SOLO, MettaNEWS – Kota Solo menduduki peringkat kedua se-Jawa Tengah dalam kasus penggunaan narkoba.
Kepala BNN Kota Solo, David Henry Andar Hutapea mengatakan secara tingkat penggunaan relatif di Kota Solo cukup tinggi.
BNN Kota Solo mencatat kasus narkoba pada tahun 2018 mencapai 116 kasus, 2019 138 kasus, 2020 139 kasus dan 2021 101 kasus.
“Jadi kalau kita lihat memang Solo diurutan kedua untuk Jawa Tengah. Hingga saat ini angka penggunaan narkoba masih kebanyakan yang pengguna,” ujar David usai menggelar rapat kerja pemberdayaan masyarakat anti narkoba, Selasa (16/5/2023).
Kota Solo sebagai titik peredaran narkoba harus diwaspadai. Menurutnya hal ini tentu harus menjadi atensi semua pihak bukan hanya BNN atau Polri saja tapi bagi semua pihak.
“Yang disasar semua masyarakat kita juga warga. Jadi ini tentu ini harus jadi concern bagi kita bersama,” ujar David.
BNN Kota Solo mencatat rentang usia pemakai narkoba di Kota Solo berkisar 17-35 tahun.
“Memang kita harus paham bahwa itu rentan usai yang produktif. Kalau dia sejak dini menggunakan maka di usia produktif itu dia akan terganggu. Jadi ini yang menjadi konsen kita,” kata David.
Menurut David penanganan terhadap kasus narkoba tidak bisa menyasar satu rentang usia saja.
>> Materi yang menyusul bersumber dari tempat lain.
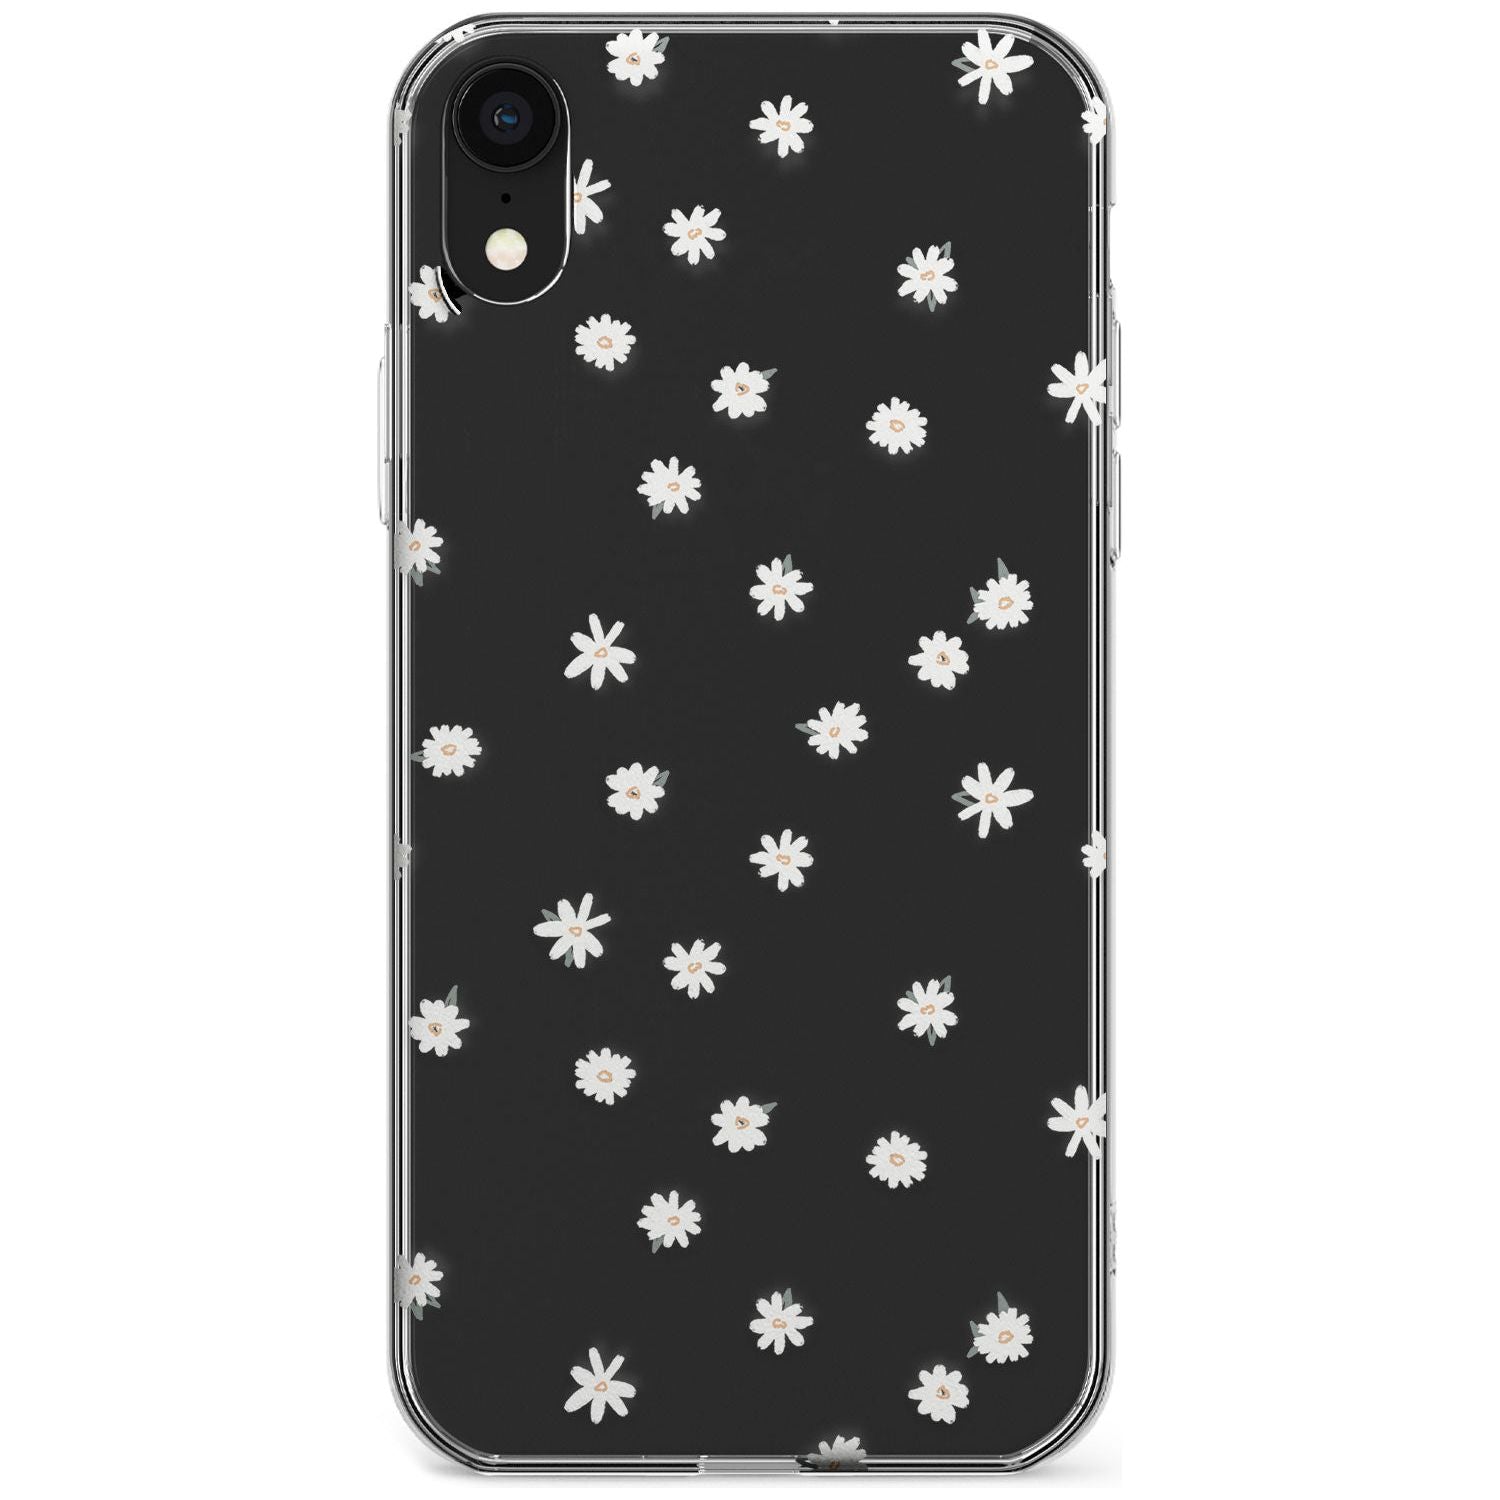 White Stars on Clear Phone Case for iPhone X XS Max XR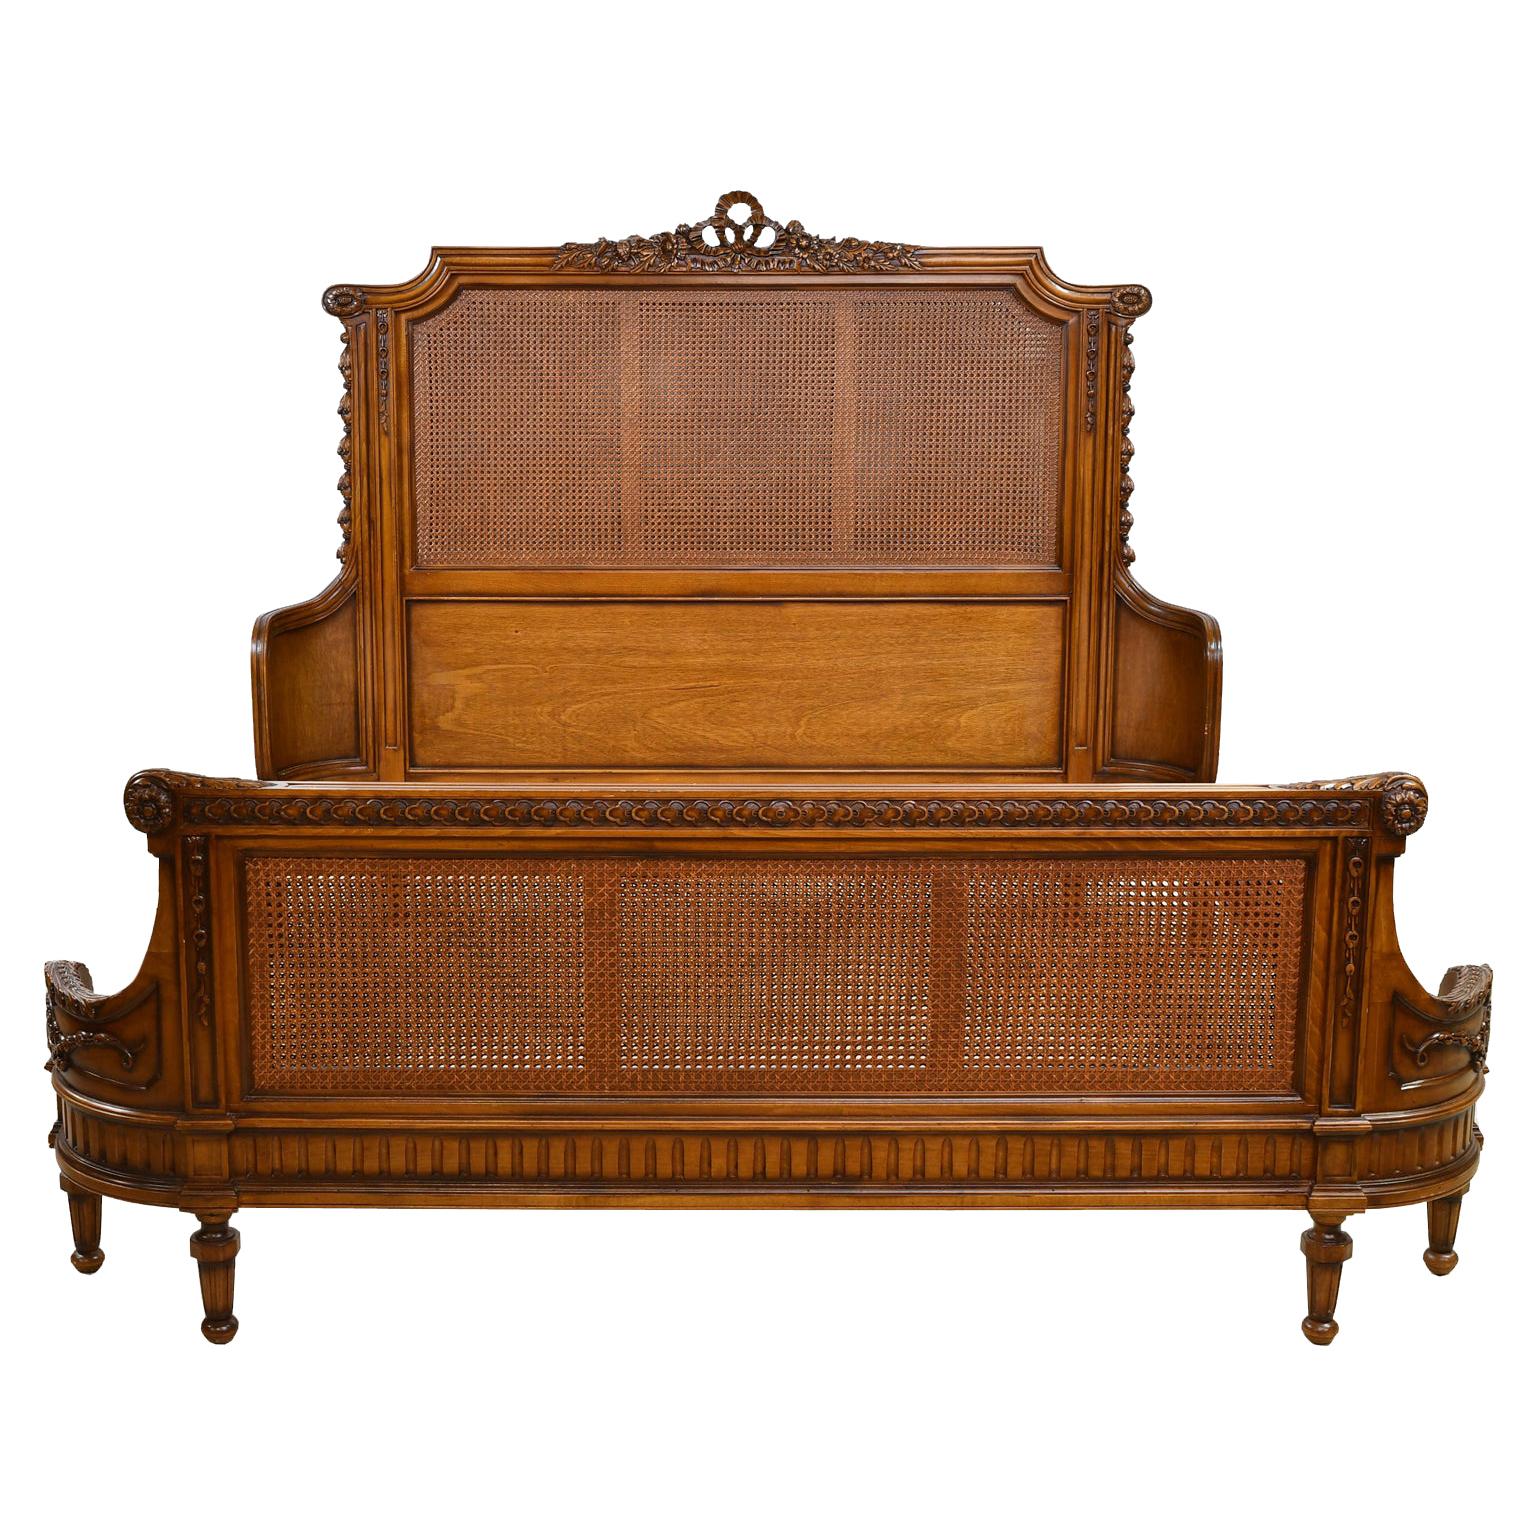 Louis XVI Style King Size Bed with Walnut-Colored Wood Frame and Woven Caning

Melainkan usia ke bawah maupun ke atasnya pun termasuk.
“Ini yang lagi-lagi kita sampaikan kita harus melibatkan semua pihak rentan usia bapak ibu anak harus terlibat semua,” kata David.
Rerata sabu-sabu menjadi jenis narkoba yang paling ngtren dalam penemuan kasus di Kota Solo. Setelahnya baru tembakau yang popularitasnya timbul tenggelam.
“Jadi kalau yang saat ini sedang ngtren adalah sabu. Belakangan tembakau gorila cuma kalau kita lihat tembakau gorila tren sesaat. Sabu ini yang sudah cukup lama trennya,” ujarnya.
“Semacam concern bagi kita semua, selain tembakau gorila ganja yang konvensional juga masih jadi ancaman,” sambung dia.
Pertemanan dan lingkungan tempat tinggal atau pergaulan, tempat kos hingga hiburan malam menjadi tempat yang potensial dijadikan peredaran narkoba berkembang di Kota Solo.
“Tempat tongkrongan juga harus diwaspadai karena sering kali sindikat gelap peredaran narkoba menggunakan keramaian karena lebih sulit untuk memantau,” ujar dia.